More than 300,000 farmers have committed suicide in India since 1995. Infact, this problem is not specific to India, it is quite common in many developing countries. This happens primarily because of financial hardships faced due to inability to grow crops successfully, and an inability to sell crops successfully (at a profit). In this project, our goal is to develop an easy-to-use AI based decision support system for poor illiterate farmers which can give them data-driven recommendations at multiple stages of their crop-growing lifecycle. For example, when should they plant their crops? When should they irrigate their farm, is their farm at-risk of pest invasion? After the crop is harvested, when and where should they sell their crops for maximum profit? From a technical perspective, problems in this space translate to spatio-temporal machine learning problems because of an abundance of remote-sensed and crowdsourced data that we have access to (due to our collaborators help at PlantVillage).
We focus on three problems faced by hard to reach populations (such as homeless youth). We develop AI/ML algorithmic interventions for (i) HIV (and STI) prevention among homeless youth; (ii) substance abuse prevention among homeless youth; and (iii) suicide prevention among homeless youth. All three projects focus on the study of diffusion processes in friendship-based social networks of homeless youth, and how these processes can be harnessed in order to achieve desirable behavior. On a humanitarian level, the end goal of this project is to demonstrably reduce the suffering of disadvantaged populations by influencing and inducing behavior change in homeless youth populations that drives them towards safer practices, such as regular HIV testing, lesser substance abuse, etc. On a scientific level, the goal is not only to model these influence spread phenomena, but to also develop decision support systems (and the necessary tools/algorithms/mechanisms) using which algorithmic interventions can be conducted in social networks of homeless youth in the most efficient manner. Our primary focus in this project is to develop algorithms and tools which are actually usable and deployable in the real world, i.e., algorithms which can actually benefit society for good.
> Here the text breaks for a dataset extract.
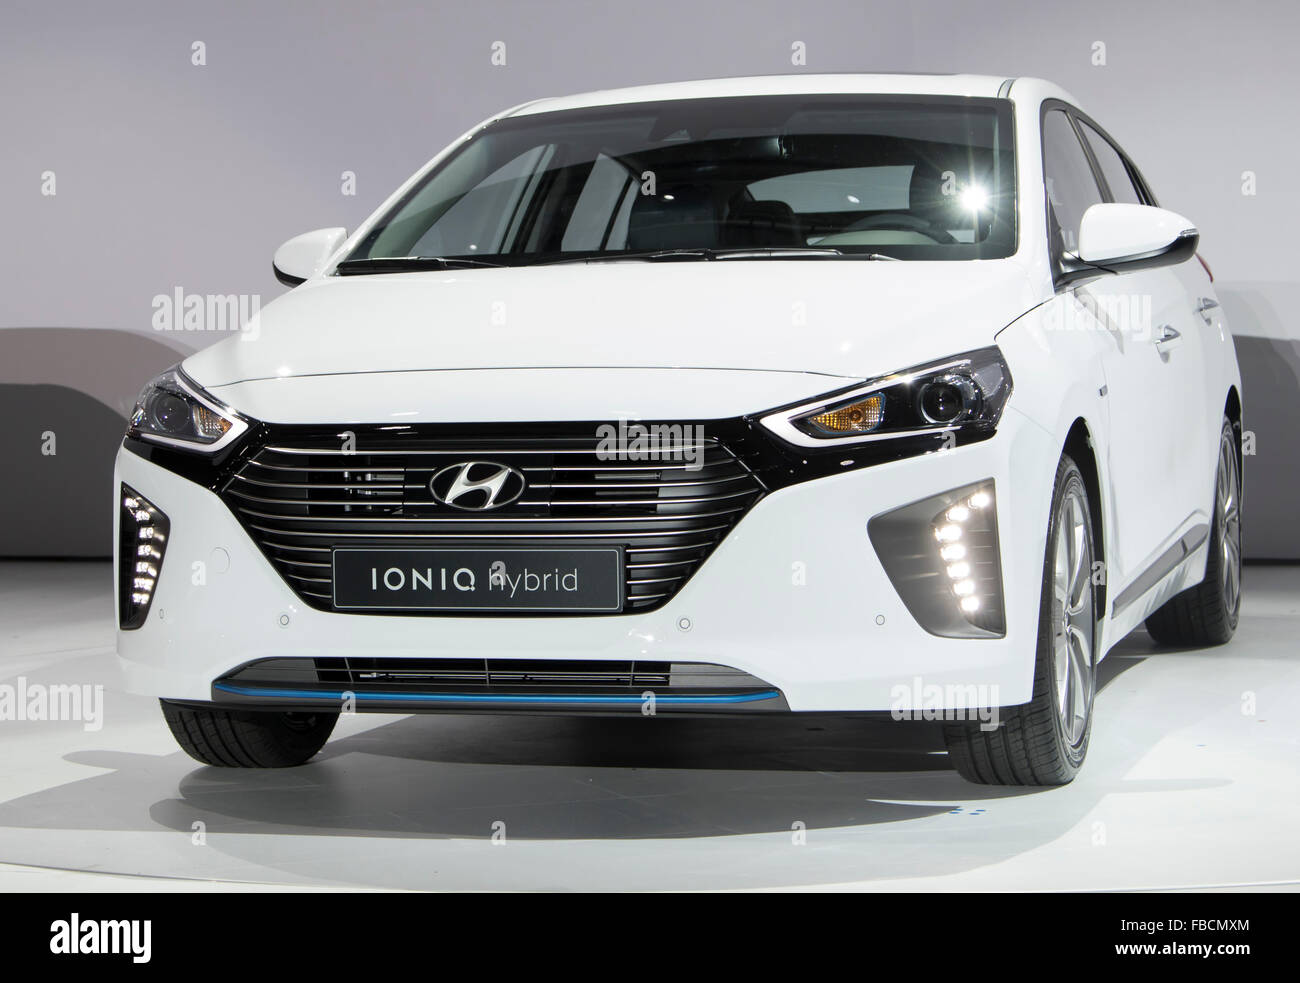 Ioniq Hybrid, Jan 14, 2016 : Hyundai Motor's Ioniq hybrid is seen during a press conference in Seoul, South Korea. The green car's prices range from 22.95 million won (US$18,982) to 27.55 million won. Hyundai Motor said the Ioniq has higher fuel efficiency and its prices is cheaper than the Prius made by Japanese carmaker Toyota. Hyundai aims to sell about 30,000 units of the Ioniq this year, local media reported. © Lee Jae-Won/AFLO/Alamy Live News Stock Photo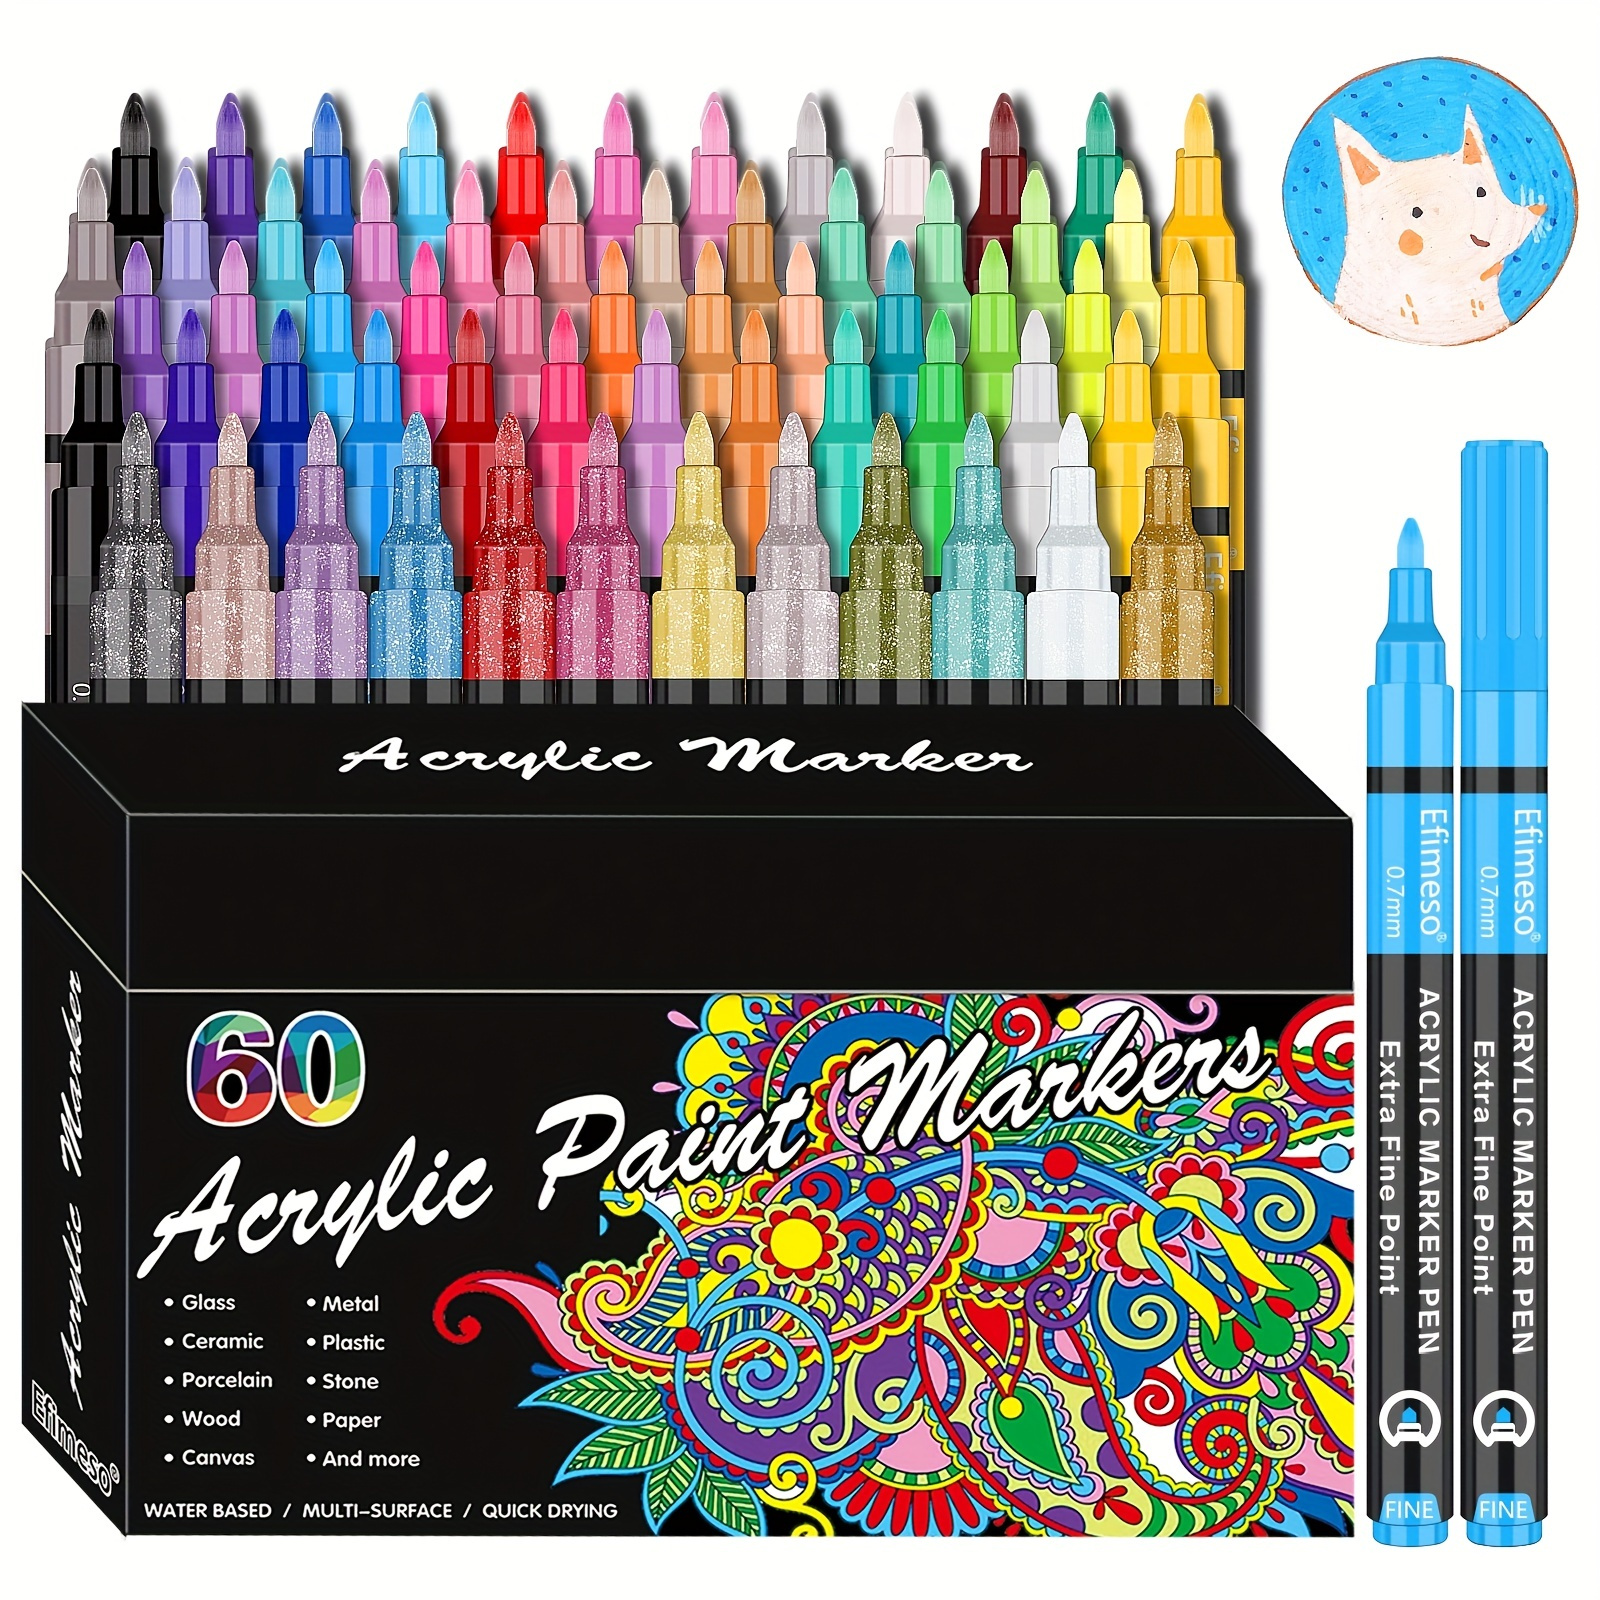 ARTISTRO Paint Pens for Rock Painting, Stone, Ceramic, Glass, Wood, Tire,  Fabric, Metal, Canvas. Set of 12 Markers for Acrylic Painting, Water-based

In fact, we strive to validate all our models, algorithms and techniques in the real world by testing it out with actual homeless youth (specifically youth in Los Angeles). Over the past seven years, we have been collaborating with social workers from Safe Place for Youth (SPY) and My Friend’s Place (homeless shelters in Los Angeles) to conduct pilot deployment studies of our algorithms with actual homeless youth.
COVID-19 is the greatest public health crisis that the world has experienced in the last century. Tackling it requires the collective will of experts from a variety of disciplines. While a lot of efforts have been made by AI researchers in developing agent-based models for simulating the transmission of COVID-19, we believe that AI's enormous potential can (and should) be leveraged to design decision support systems (e.g., in the allocation of limited healthcare resources such as testing kits) which can assist epidemiologists and policy makers in their fight against this pandemic. In particular, COVID-19 testing kits are extremely limited especially in developing countries. Therefore, it is very important to utilize these limited testing resources in the most effective manner. In this project, we research adaptive testing policies to optimally mitigate the COVID-19 epidemic in low-resource developing countries like Panama. Our work is informed through multiple discussions with epidemiologists.
Security is a critical concern around the world, whether it is the challenge of protecting ports, airports and other critical national infrastructure, or protecting wildlife/forests and fisheries, or suppressing crime in urban areas. In many of these cases, limited security resources prevent full security coverage at all times. Instead, these limited resources must be allocated and scheduled efficiently, avoiding predictability, while simultaneously taking into account an adversary’s response to the security coverage, the adversary’s preferences and potential uncertainty over such preferences and capabilities. Computational game theory can help us build decision-aids for such efficient security resource allocation problems.